Task =
Write out, word for word, every line in the data below from the one containing "carrièrekansen (Ulrich, Brockbank, Yeung" to the one containing "Ilustrata Catunist Women's", both of them included.

Provided data =
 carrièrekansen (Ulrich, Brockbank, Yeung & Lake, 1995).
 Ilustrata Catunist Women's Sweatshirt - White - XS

* * *

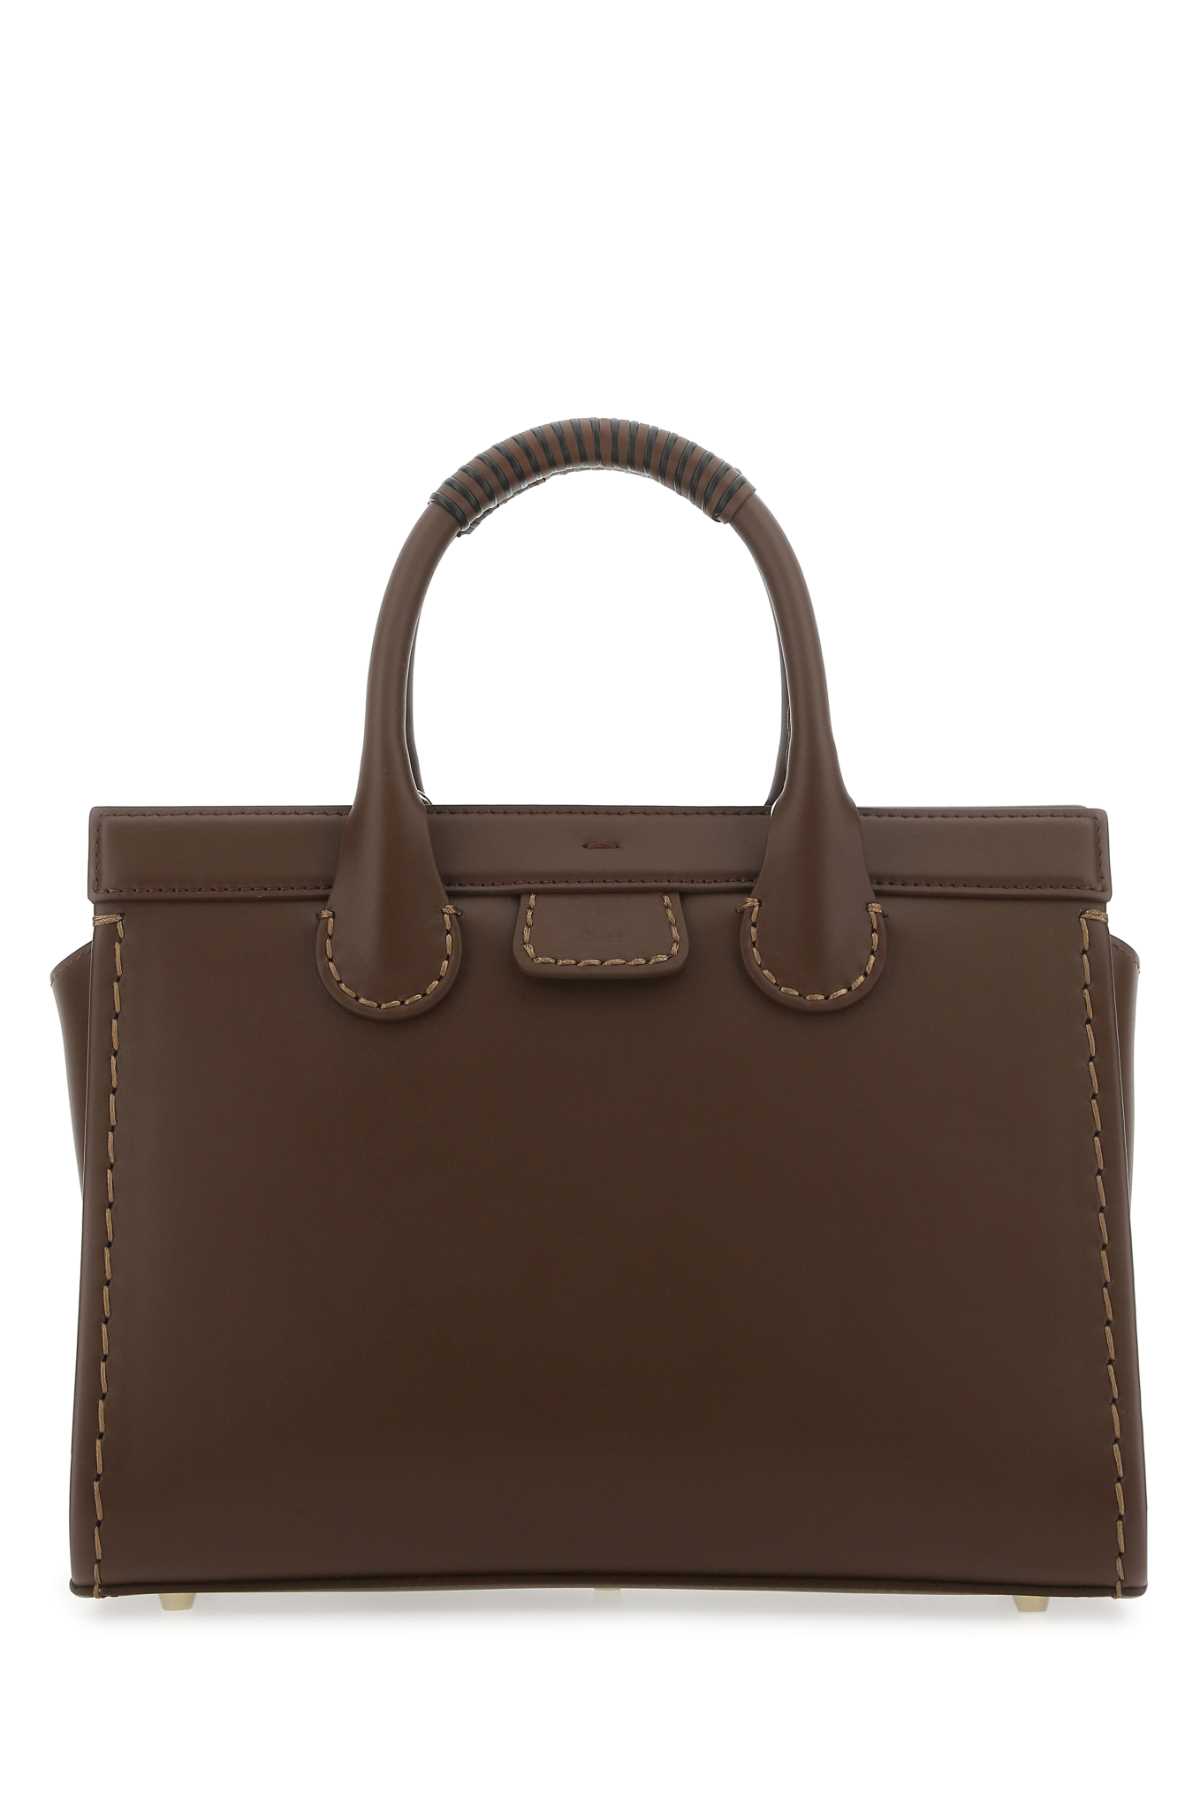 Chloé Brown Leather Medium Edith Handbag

Response for this exercise =
 carrièrekansen (Ulrich, Brockbank, Yeung & Lake, 1995).
 Ilustrata Catunist Women's Sweatshirt - White - XS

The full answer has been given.